Set the listing down again in full, word for word, with the pictures left out.

DATA SECTION ->
# # # #
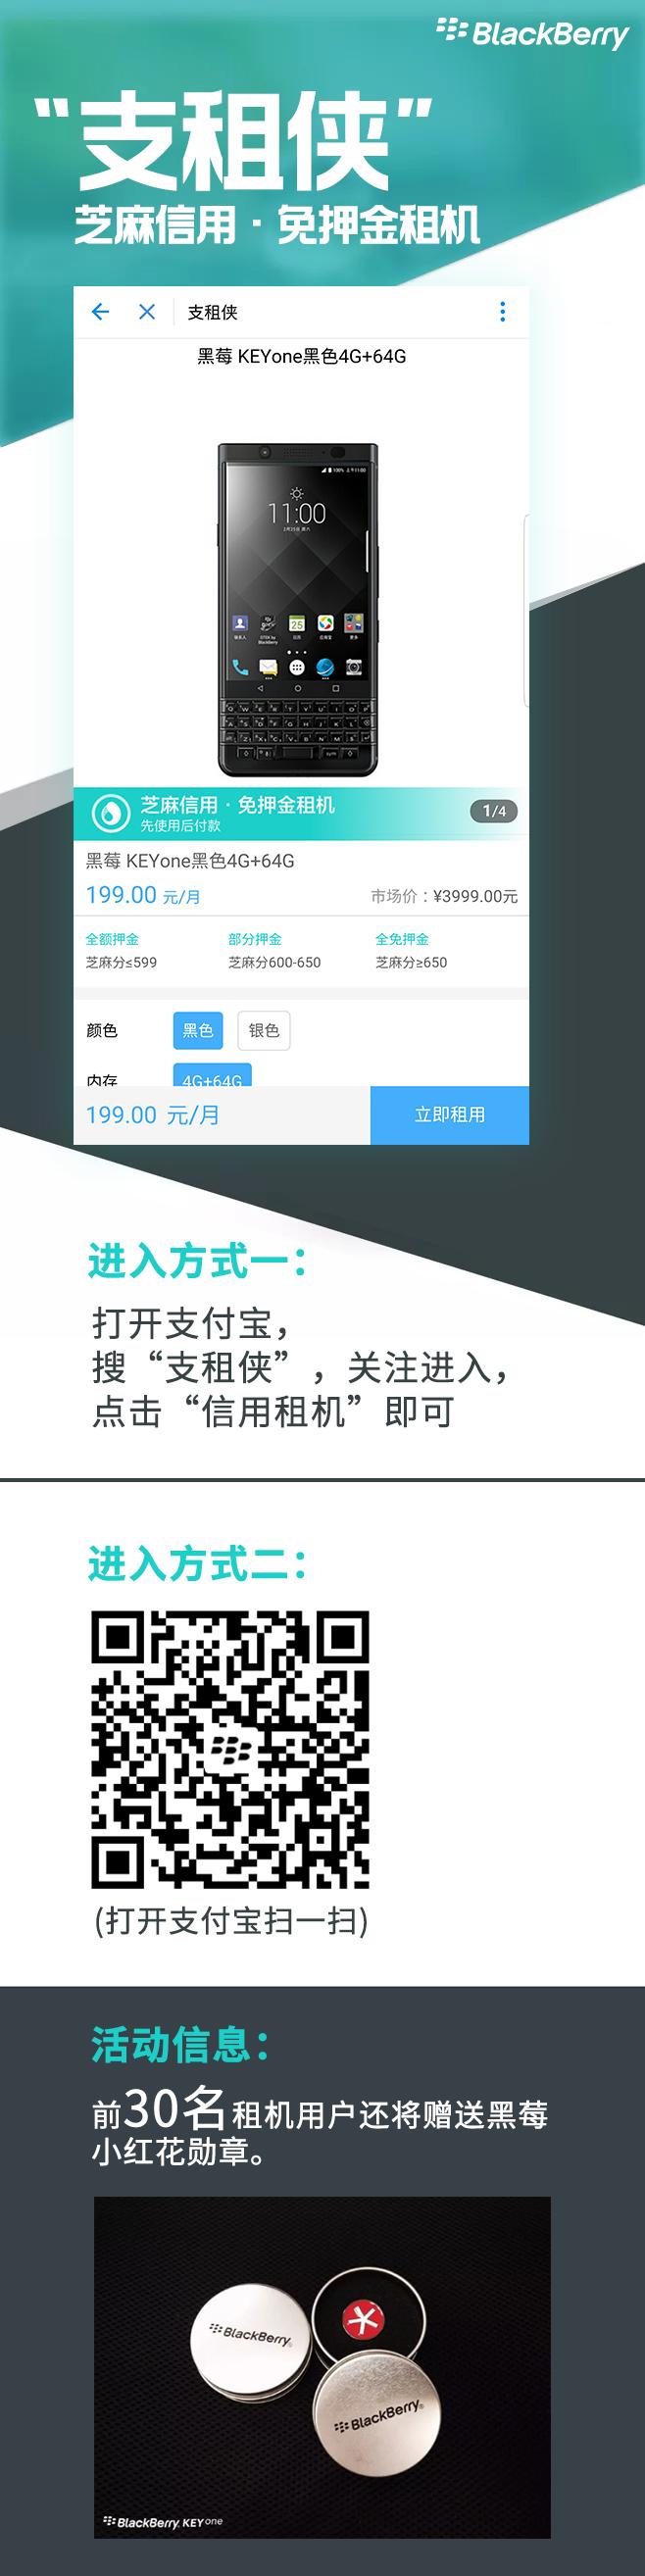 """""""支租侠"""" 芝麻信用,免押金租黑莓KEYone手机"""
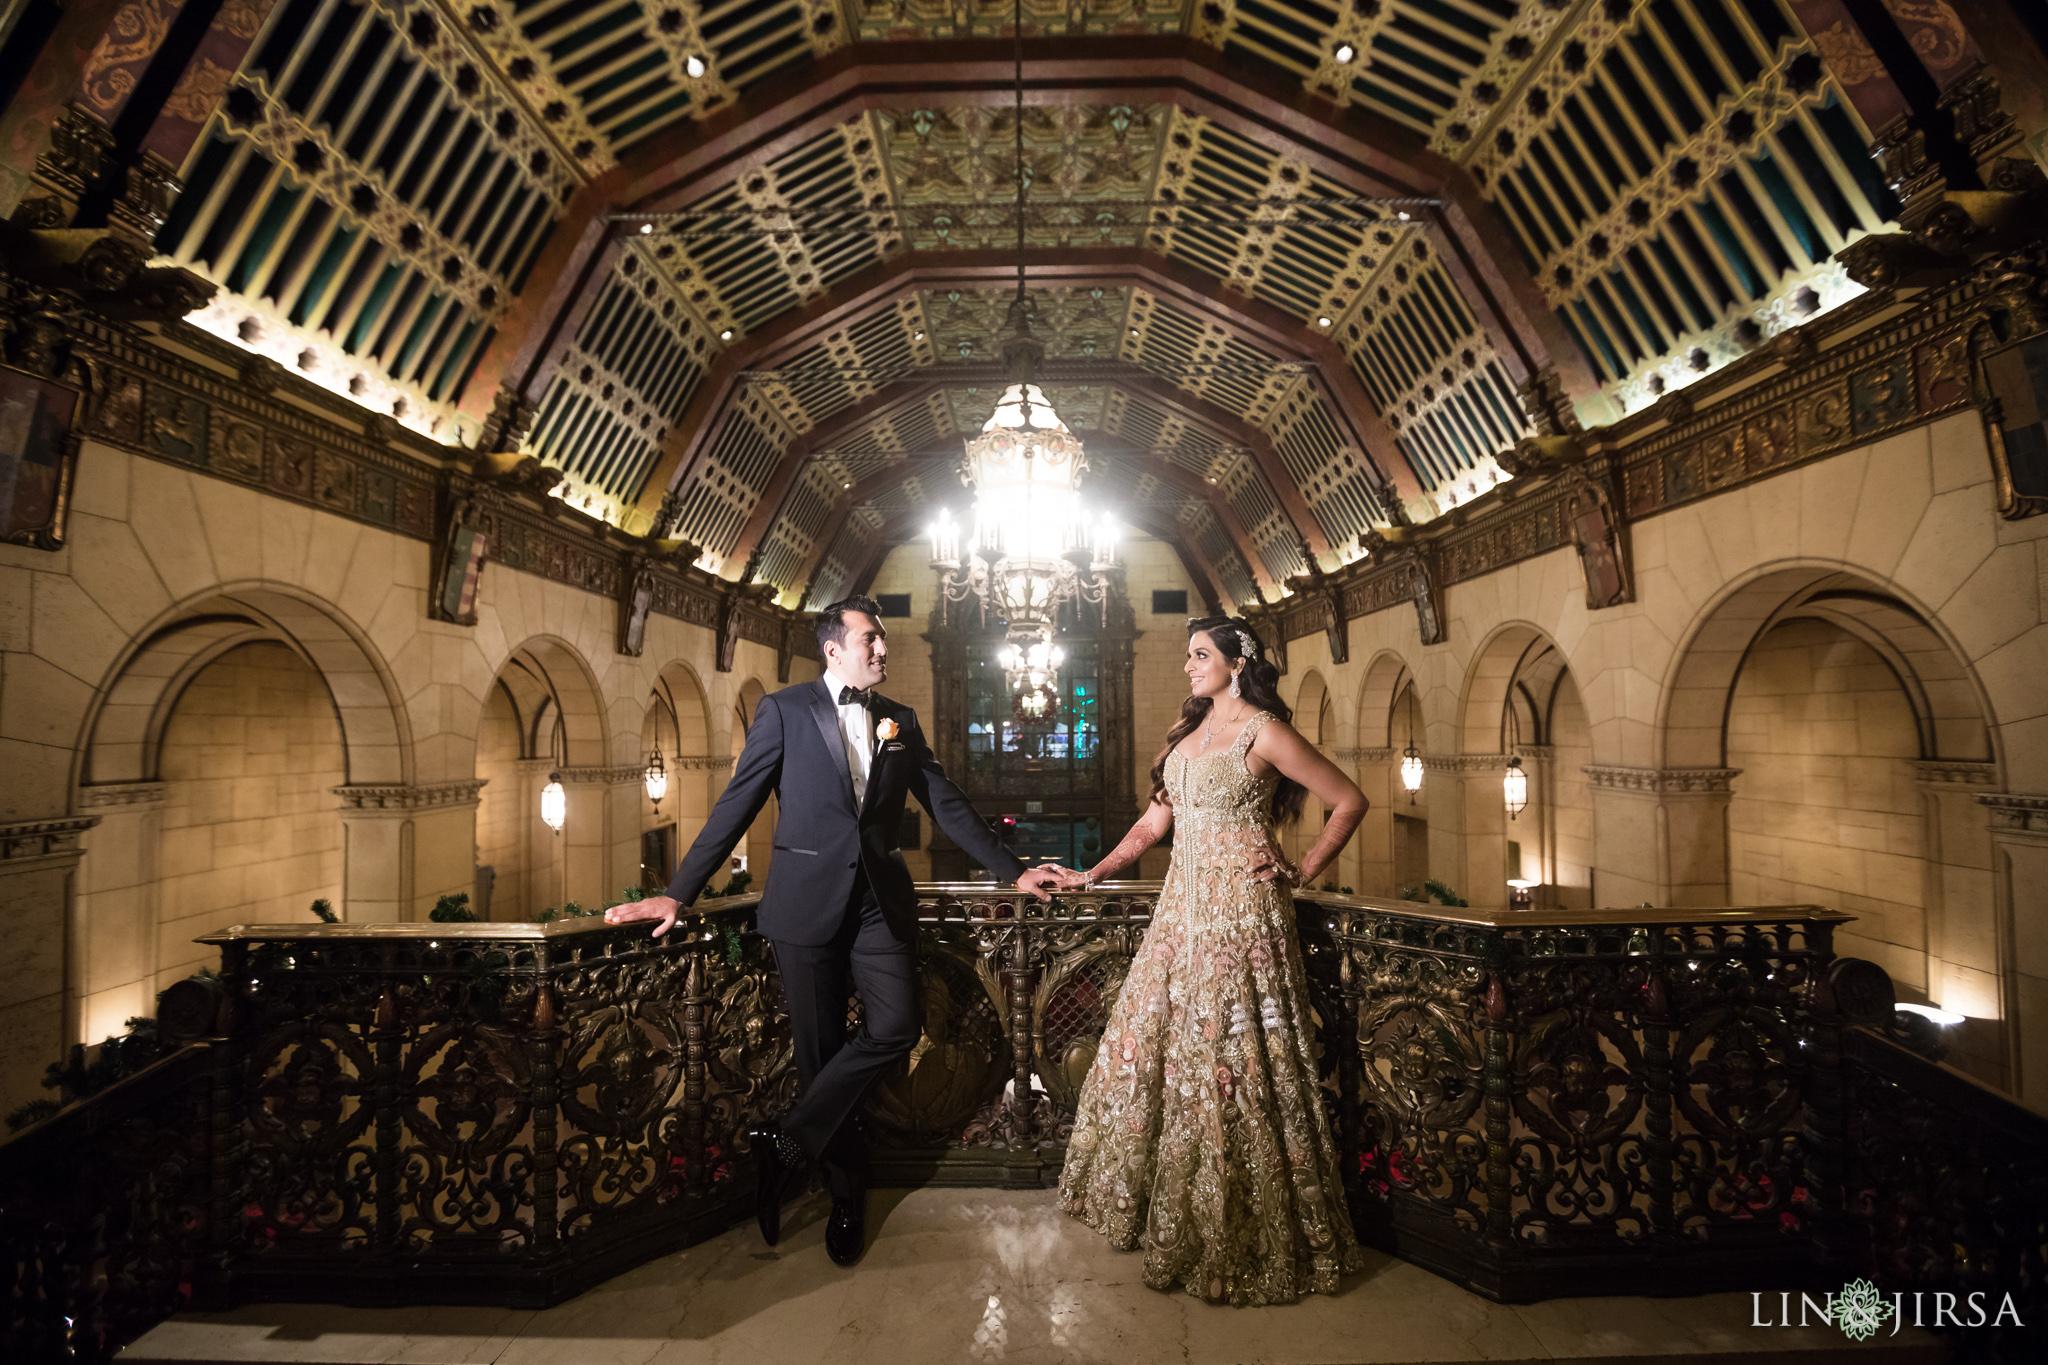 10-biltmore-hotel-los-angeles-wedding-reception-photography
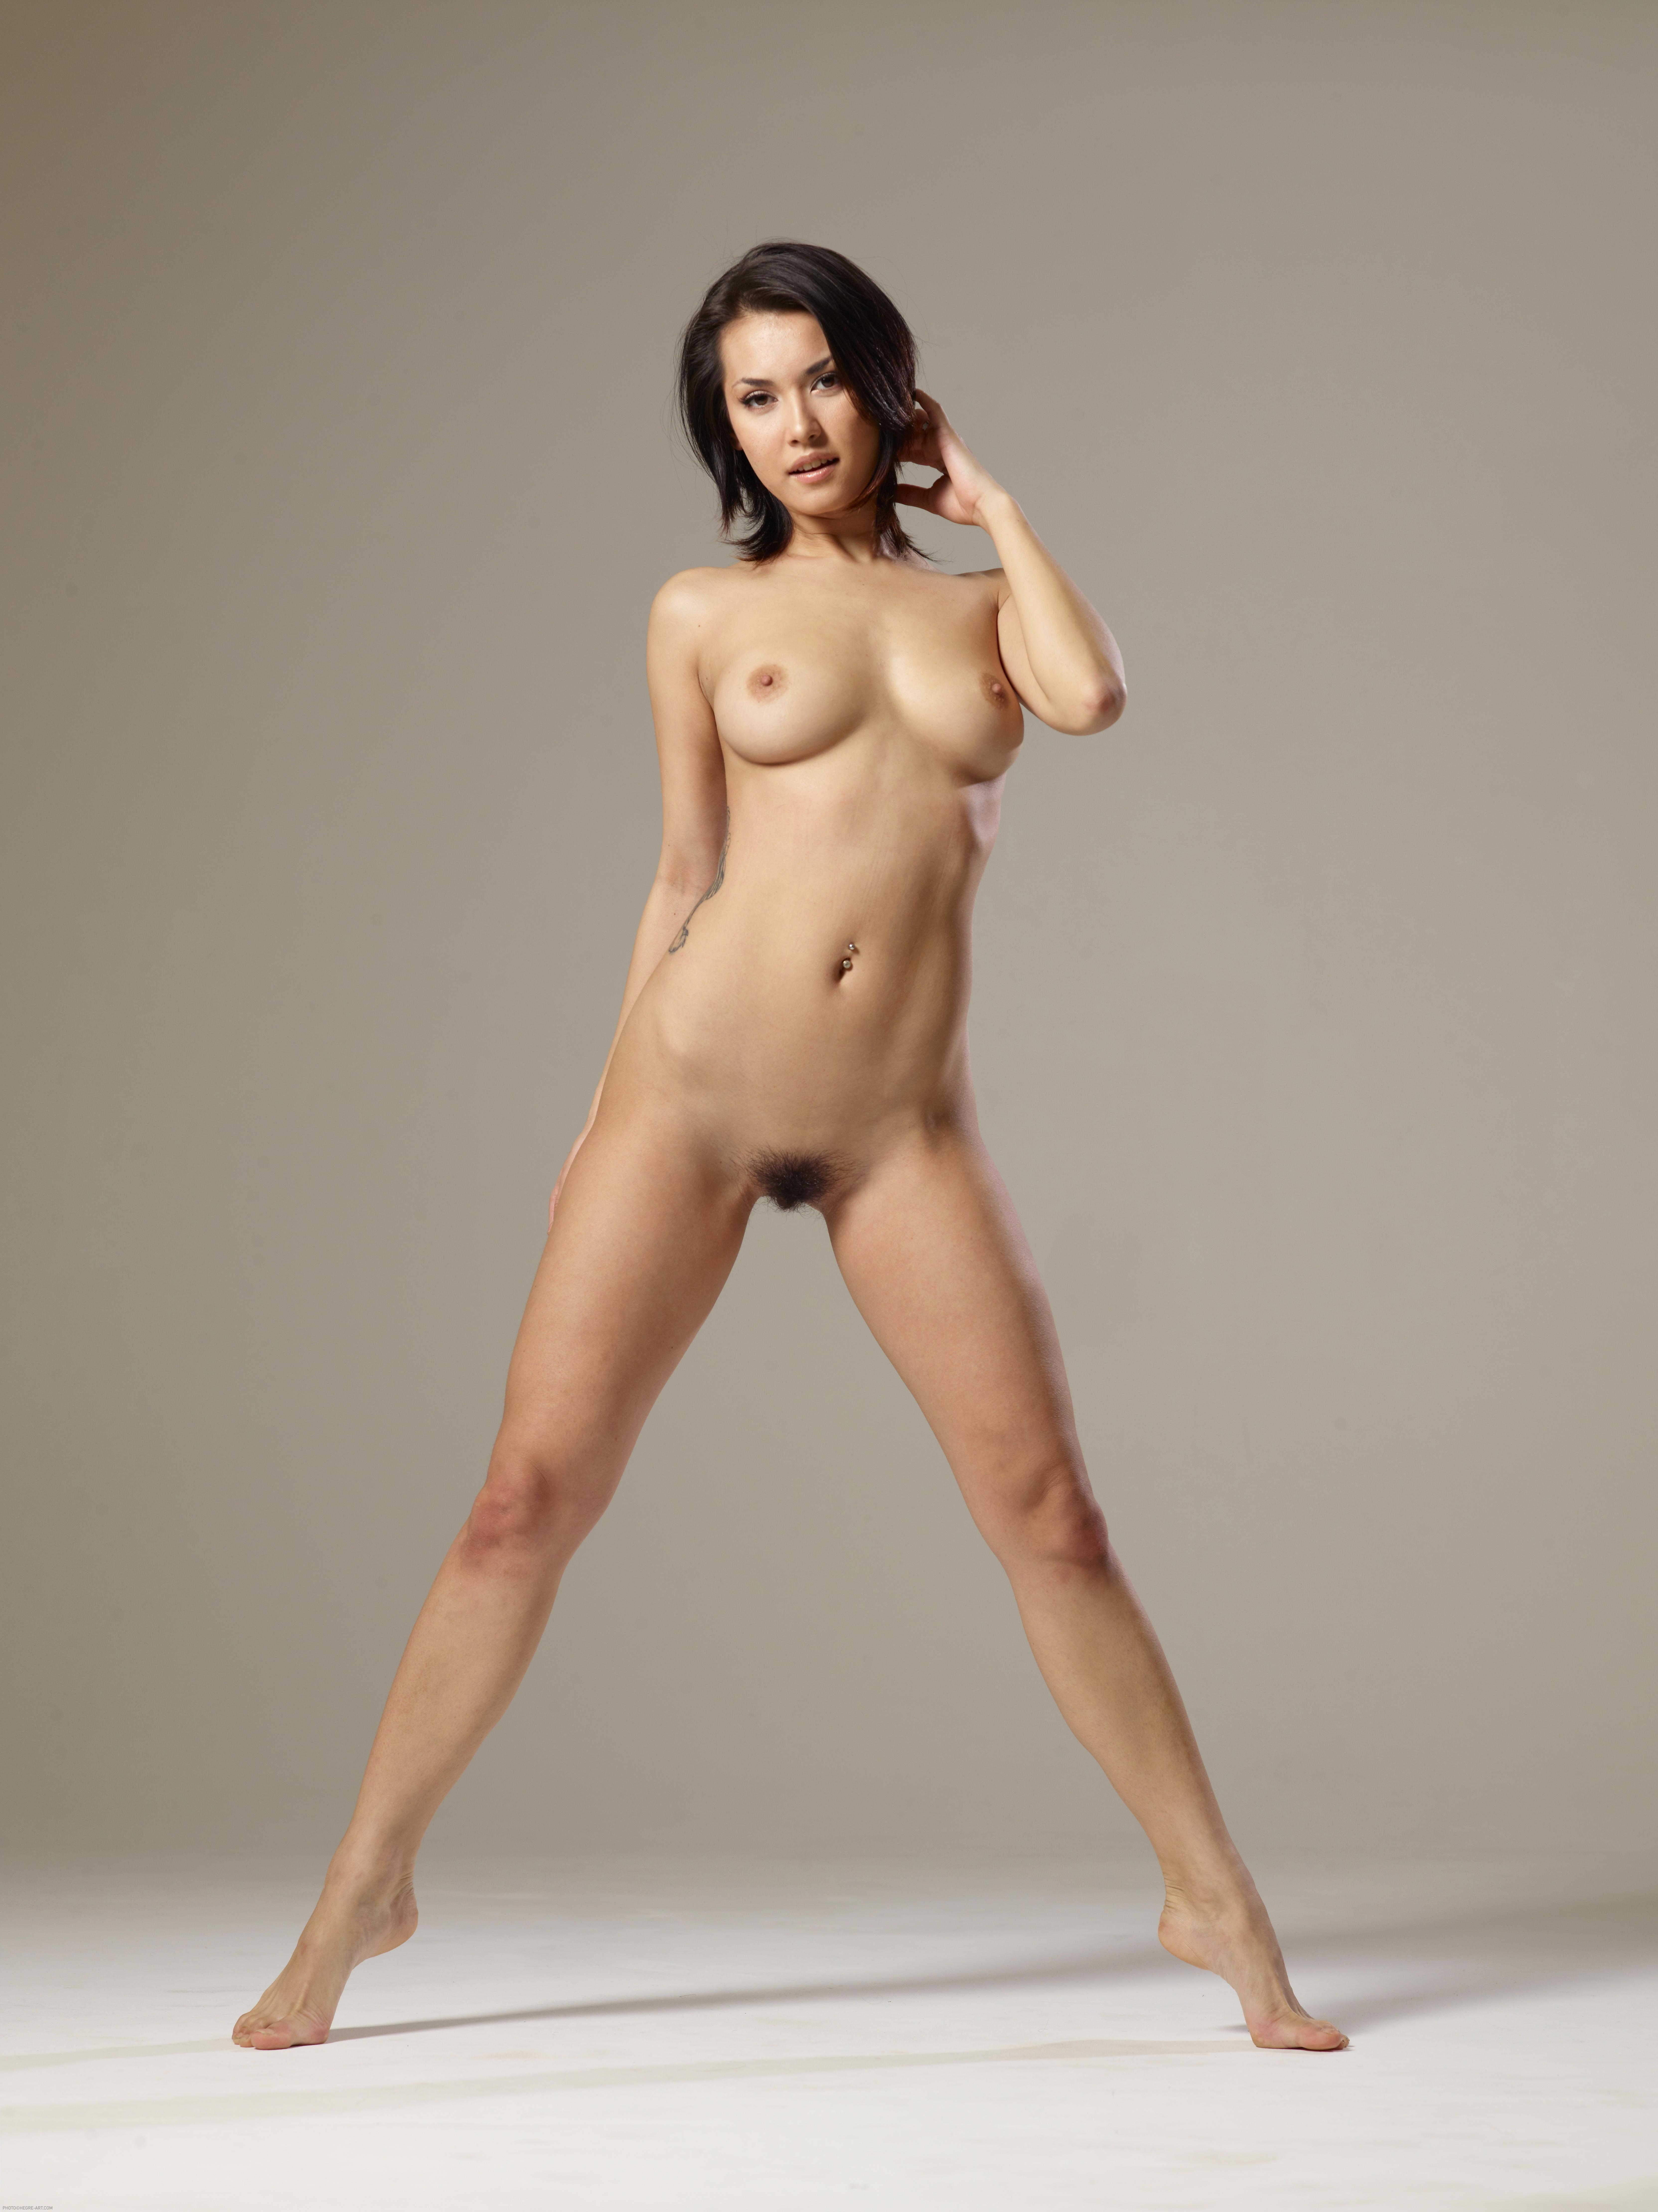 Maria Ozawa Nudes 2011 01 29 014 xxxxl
# # # #
WRITTEN ANSWER ->
 """""""支租侠"""" 芝麻信用,免押金租黑莓KEYone手机"""
 10-biltmore-hotel-los-angeles-wedding-reception-photography
 Maria Ozawa Nudes 2011 01 29 014 xxxxl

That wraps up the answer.